Monday, Nov. 07, 1960

Open Before Christmas

For bankers, businessmen and consumers, the Federal Reserve Board last week had a Christmas present well in advance of Christmas. To supply more cash and credit for the Christmas shopping season, FRB added $1.3 billion to the lending power of its 6,200 member banks by allowing them to count all cash on hand as reserves. It also lowered the minimum reserves permitted big-city banks from 17 1/2% to 16 1/2% of deposits.

This was FRB's third move to ease credit in a year, and many businessmen thought it was overdue. The critics think that FRB has moved too slowly to get business moving, and that its previous moves have not been particularly effective. While it has cut the discount rate from 4% to 3% in two installments this year, the prime rate for loans has only dropped from 5% to 41%. Since the prime rate is only for blue-chip customers, long-term rates for poorer risks are still 6% or higher, though short-term rates have dropped. Banks in most parts of the U.S. have enjoyed some credit easing, but money is still tight in New York and Chicago, the nation's two biggest banking centers.

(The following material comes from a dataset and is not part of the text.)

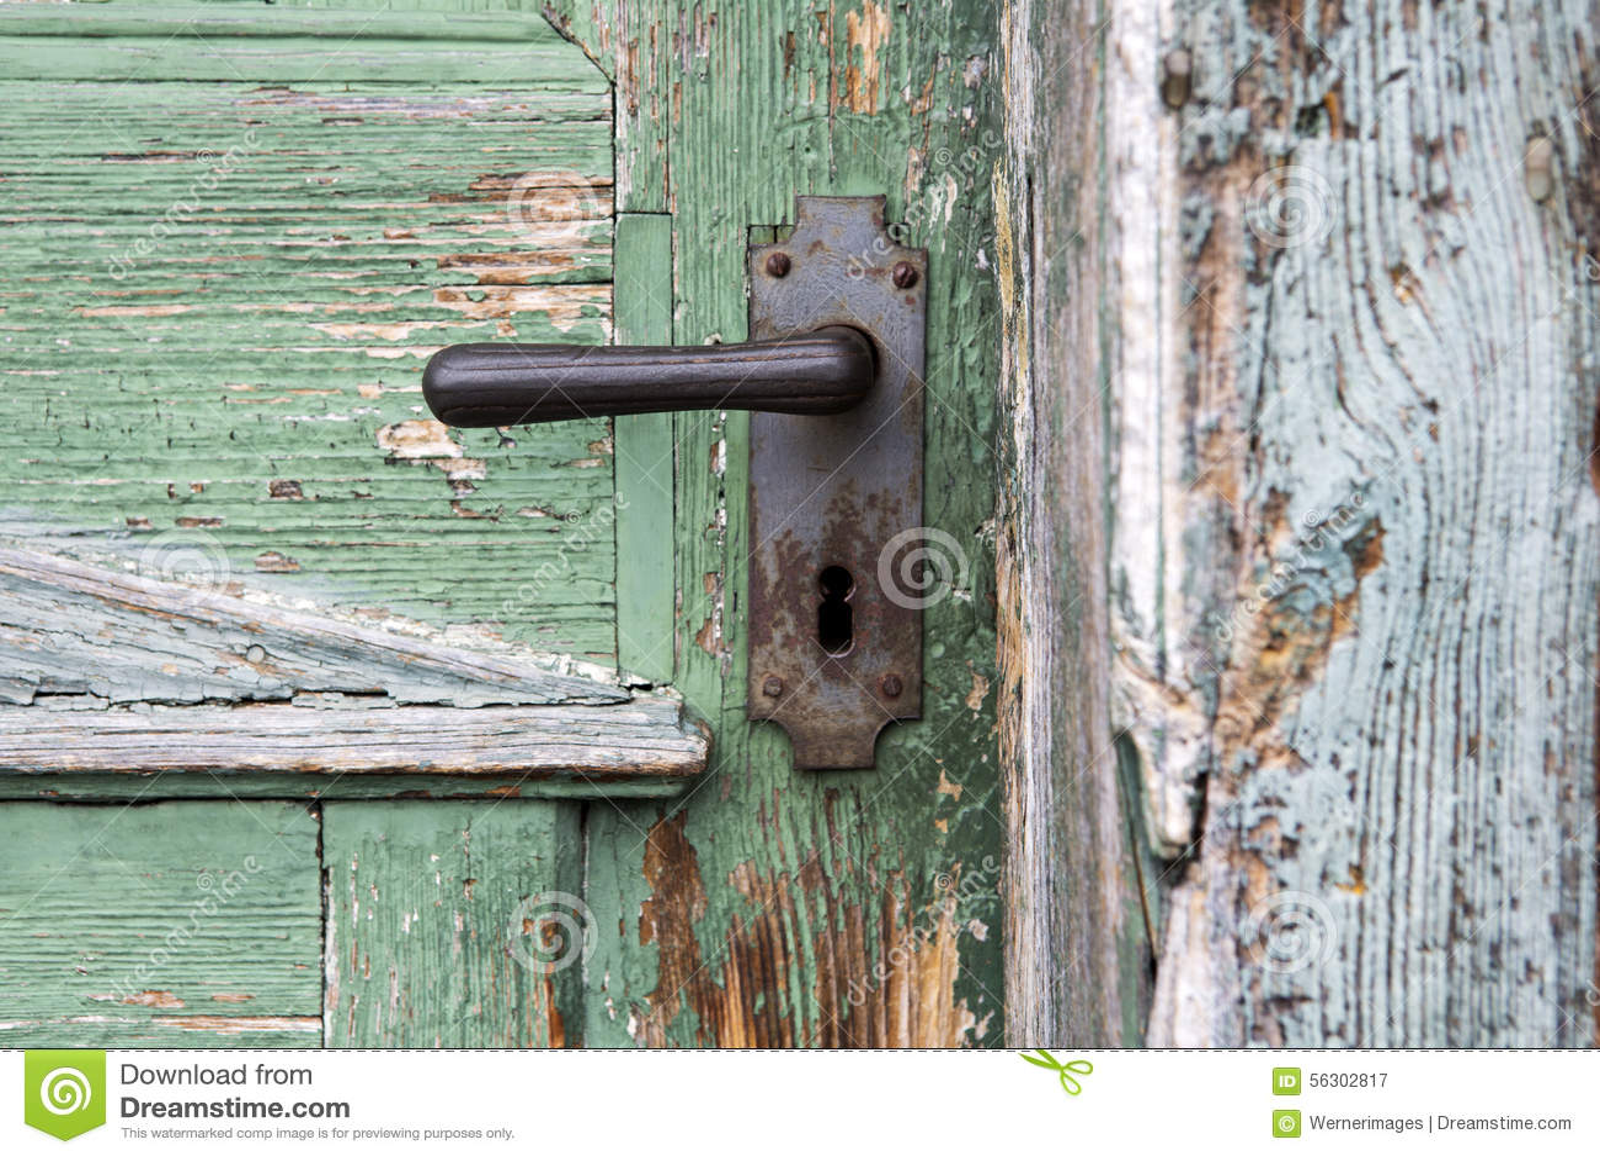 Vieille Porte D 39 Entr E En Bois Avec La Poign E De Porte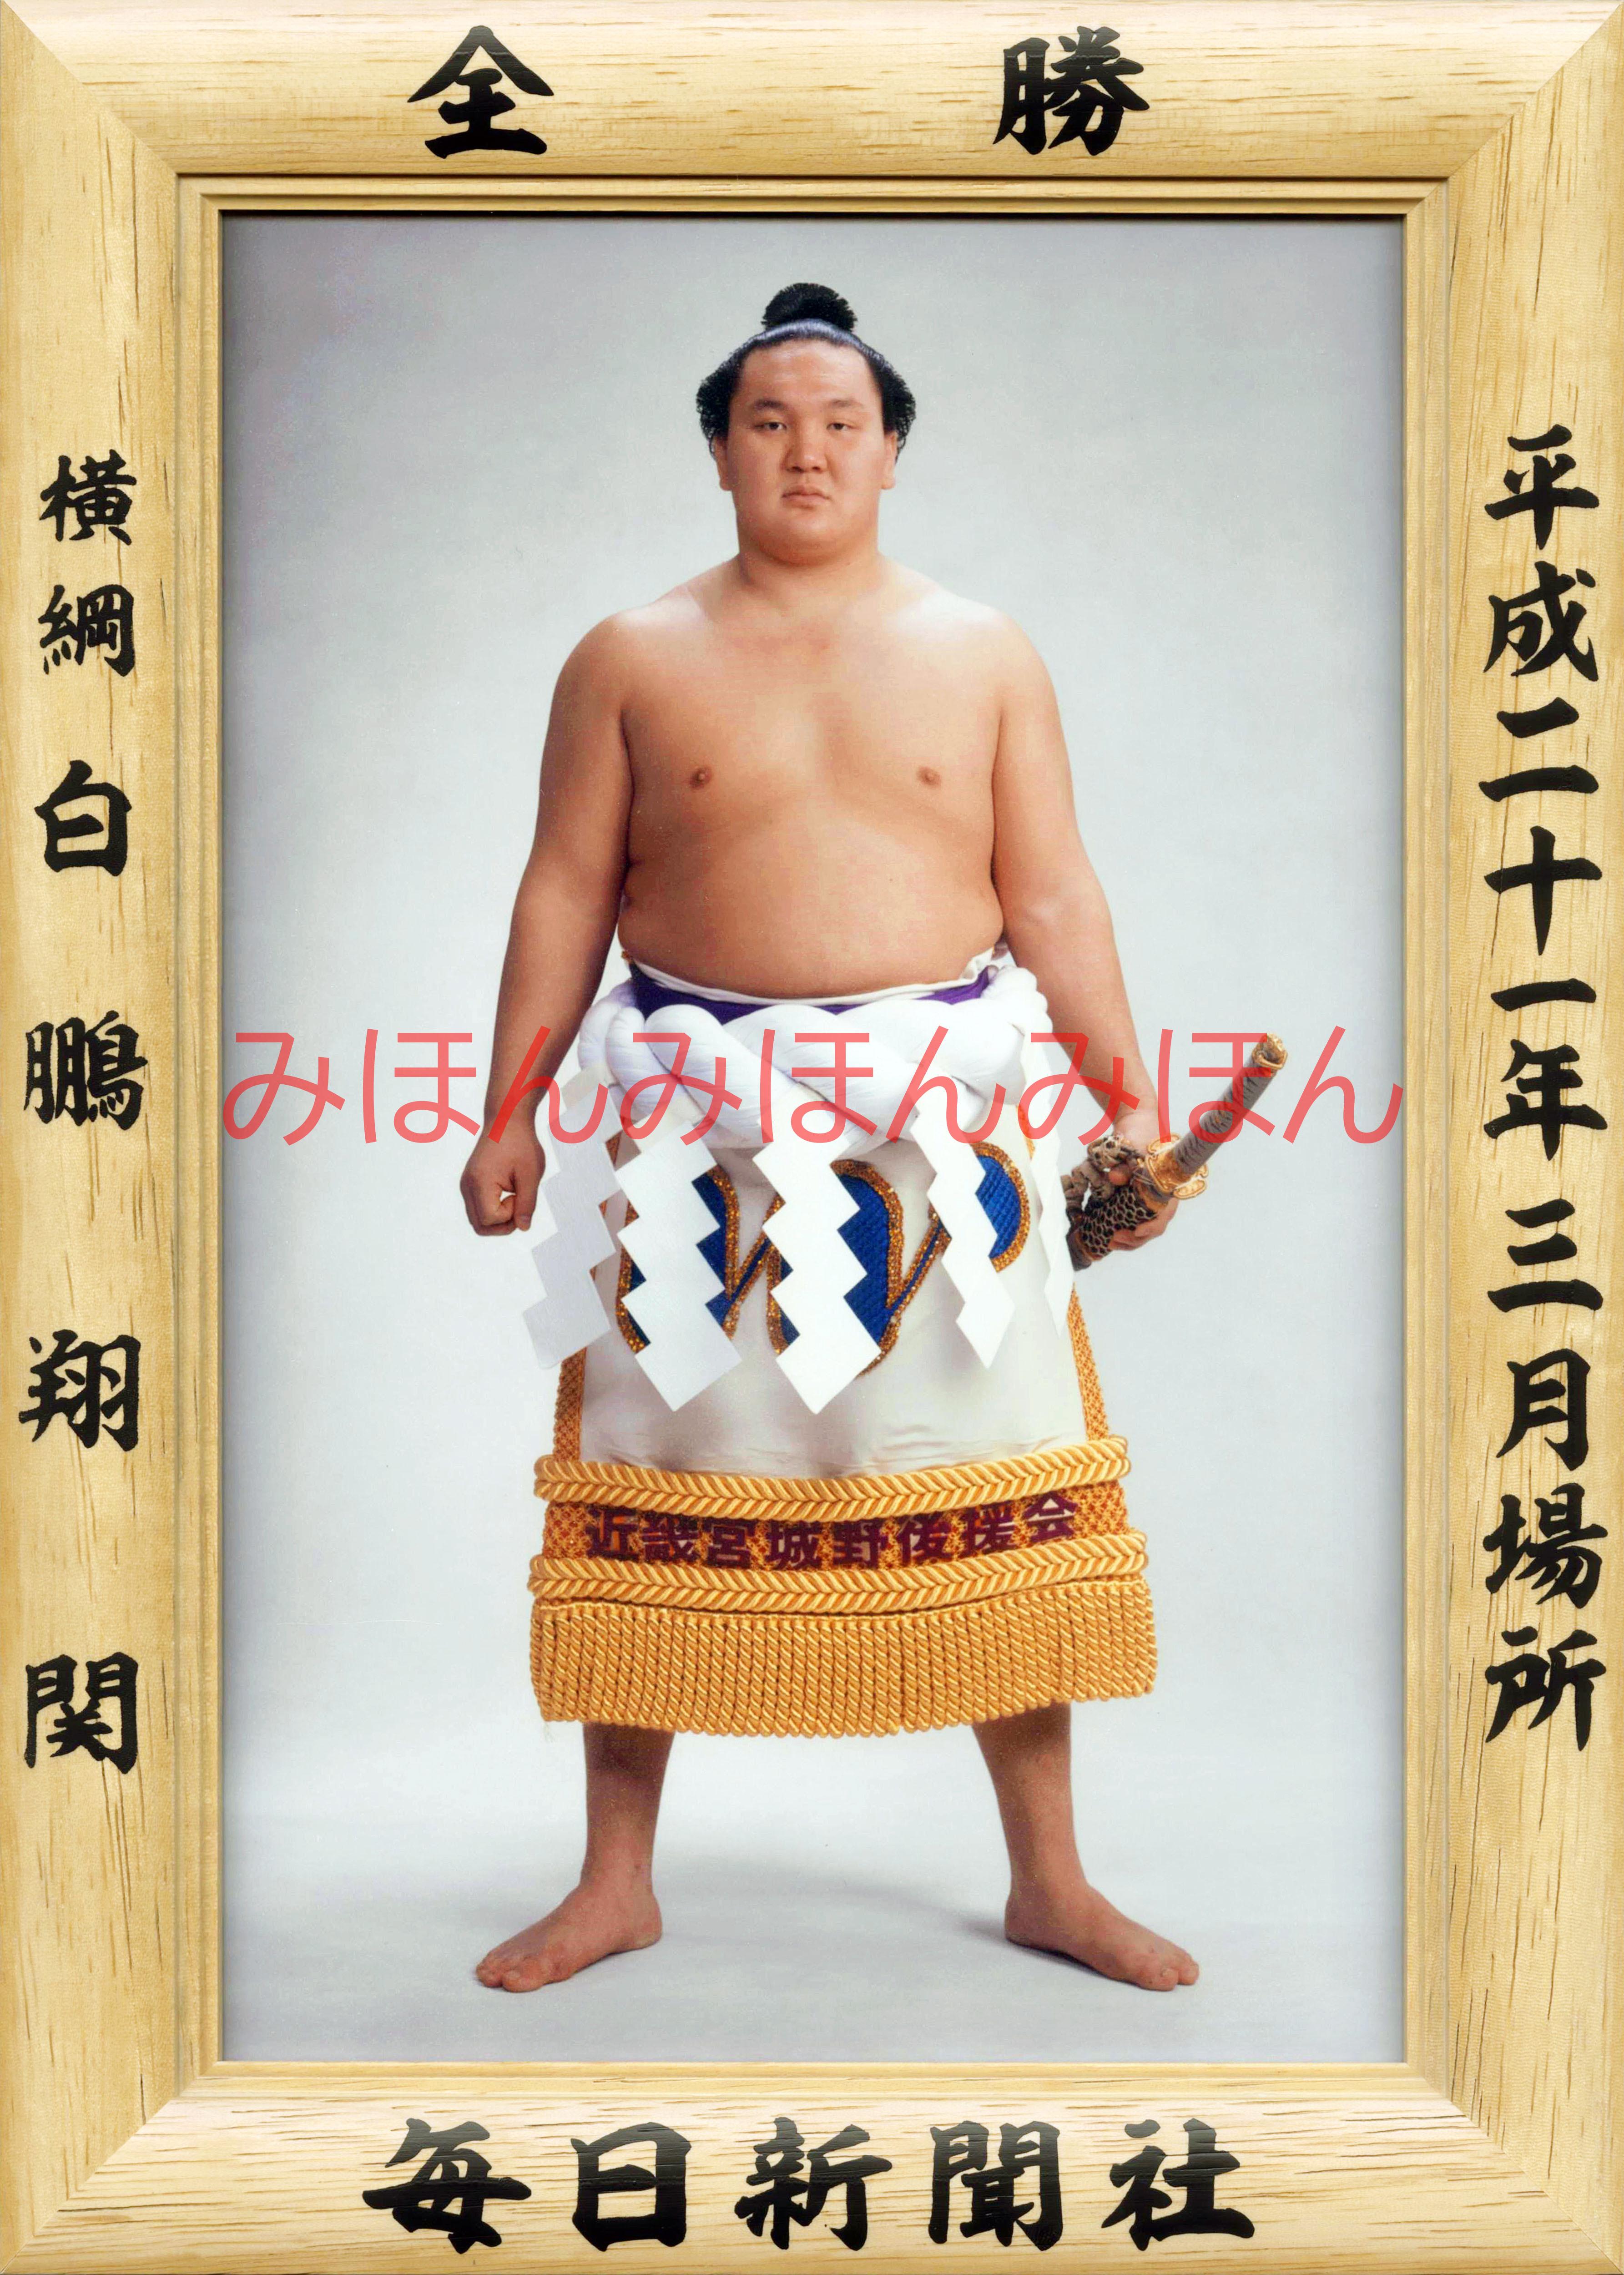 平成21年3月場所全勝 横綱 白鵬翔関(10回目の優勝)

The FRB insisted that the new credit easing was a routine seasonal matter, but bankers and economists viewed it as a measure clearly designed to aid the static economy. One reason for FRB's caution is that it wants to avoid any sharp change in interest rates lest it step up the U.S. outflow of gold to nations with higher interest rates (see The Solid Gold Problem). Even more important, FRB is moving slowly because, like everyone else, it is unsure about where the economy is going -- and whether it needs a nudge or a big push of easier credit.

The economy last week showed signs of strength (see below), of weakness, and of conflicting pressures. Based on applications for unemployment benefits, a leading indicator for total unemployment figures, experts expect October to show less than the seasonal improvement.

And while there is more talk about deflation than inflation, prices are still on the rise. The Labor Department announced last week that the cost of living rose to an alltime high in September, nudging up 0.2% to 126.8 of the 1947-49 average. The Labor Department predicted a further rise for October.